Individual microcline-bearing clasts in cores from depths of 2.17, 3.27, 3.34, 3.57, and 4.40 km provided to us by the Oklahoma Geological Survey yield 40Ar/39Ar age spectra showing a clear correlation for the Pennsylvanian-Permian granite wash between depth and radiogenic 40Ar (40Ar^sext) loss, consistent with the expectation that the deeper parts of the Anadarko basin have experienced the higher temperatures. A less-expected result is that the initial ages in the five age spectra converge at ~100 Ma, indicating these samples were hot enough to cause diffusive loss of 40Ar^sext from the microcline lattice until as late as Albian times. Activation energies for this process are very similar to som of those involved in producing fluid hydrocarbons from organic matter. We therefore suggest that although there is good evidence of petroleum generation in the Anadarko basin by the end of the Permian, progressively larger volumes of source rock may have resided within the oil window in the Triassic to Early Cretaceous as the thick sediments of the basin warmed by conduction.
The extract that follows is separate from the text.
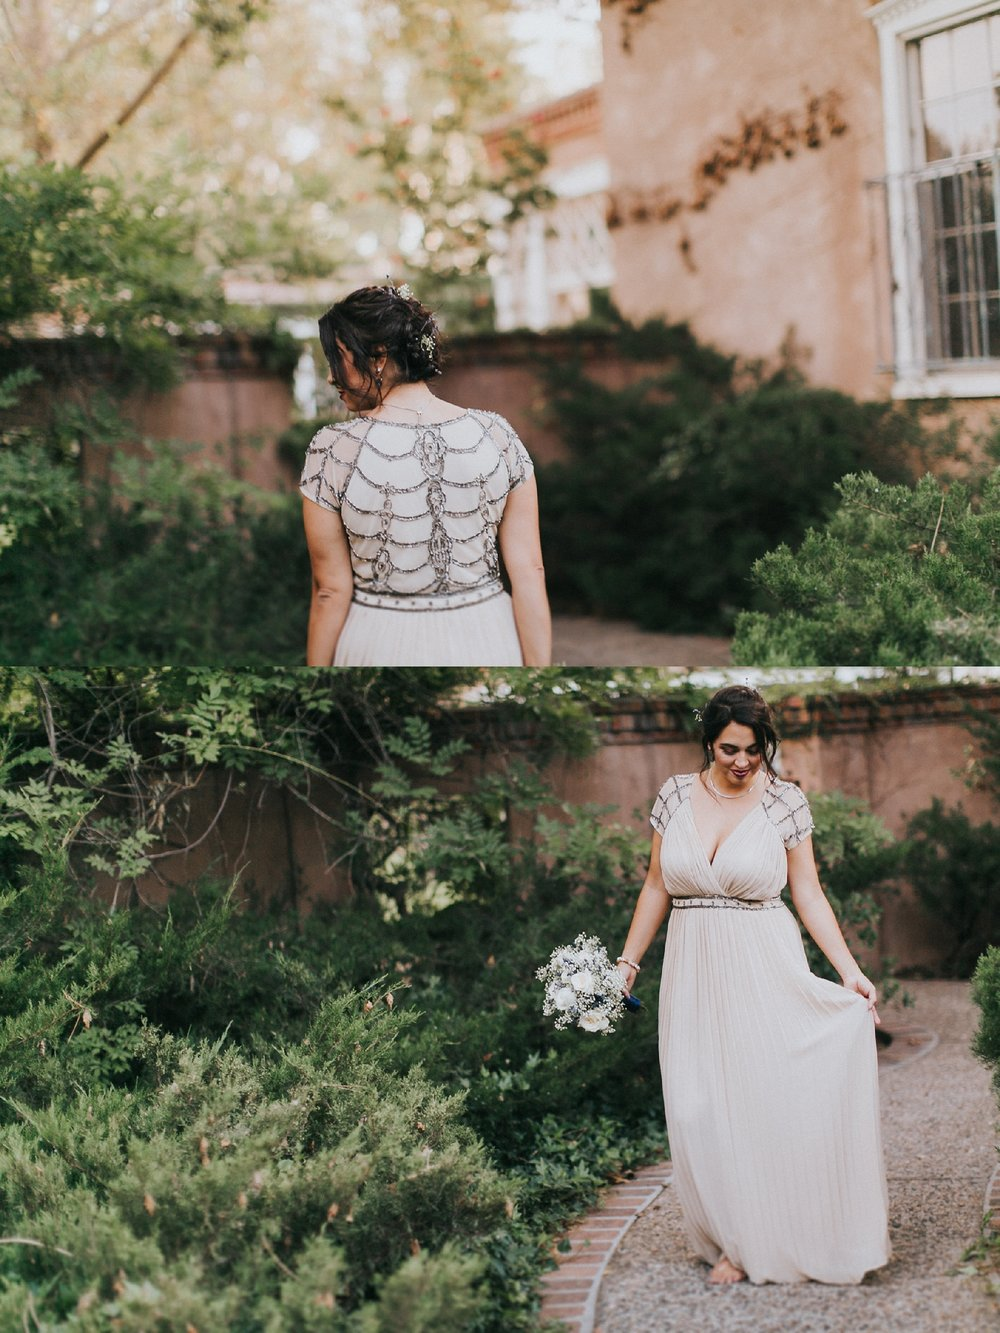 Alicia+lucia+photography+-+albuquerque+wedding+photographer+-+santa+fe+wedding+photography+-+new+mexico+wedding+photographer+-+albuquerque+wedding+-+santa+fe+wedding+-+wedding+gowns+-+non+traditional+wedding+gowns_0046.jpg
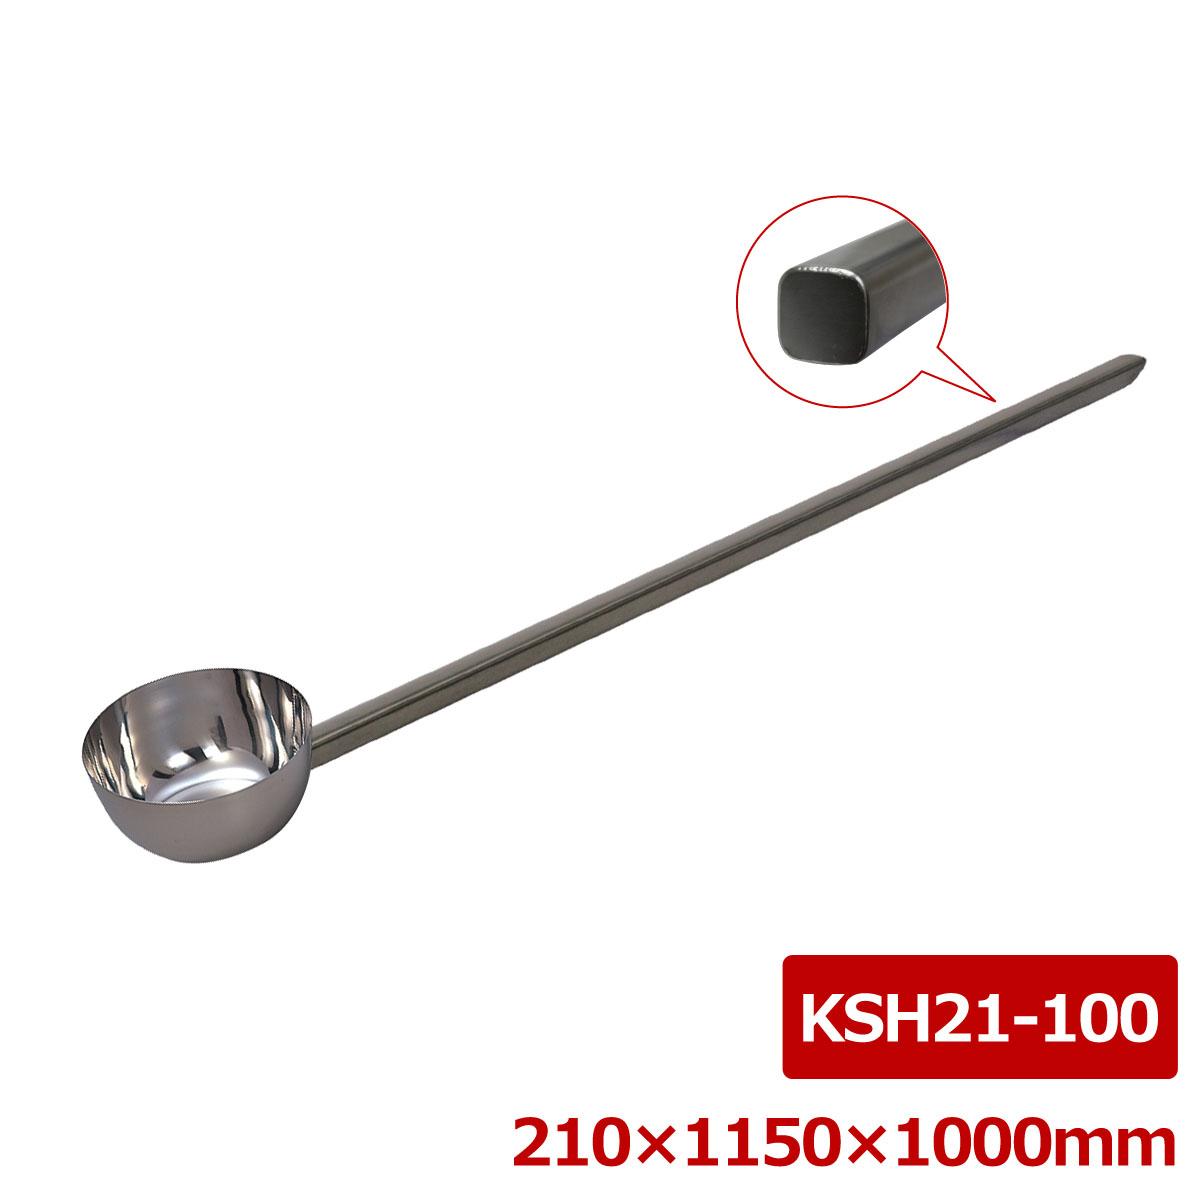 ステンレス 一体型角柄ヒシャク 21*100cm KSH21-100

Plateau ages indicate that temperatures as high as 180°C were obtained during the Mesozoic in rocks now lying at a depth of about 4 km. The coherence of the age spectra strongly suggest abrupt uplift of the basin beginning 100 Ma moving perhaps 2 km of sediment by erosion.

AAPG Search and Discovery Article #91038©1987 AAPG Annual Convention, Los Angeles, California, June 7-10, 1987.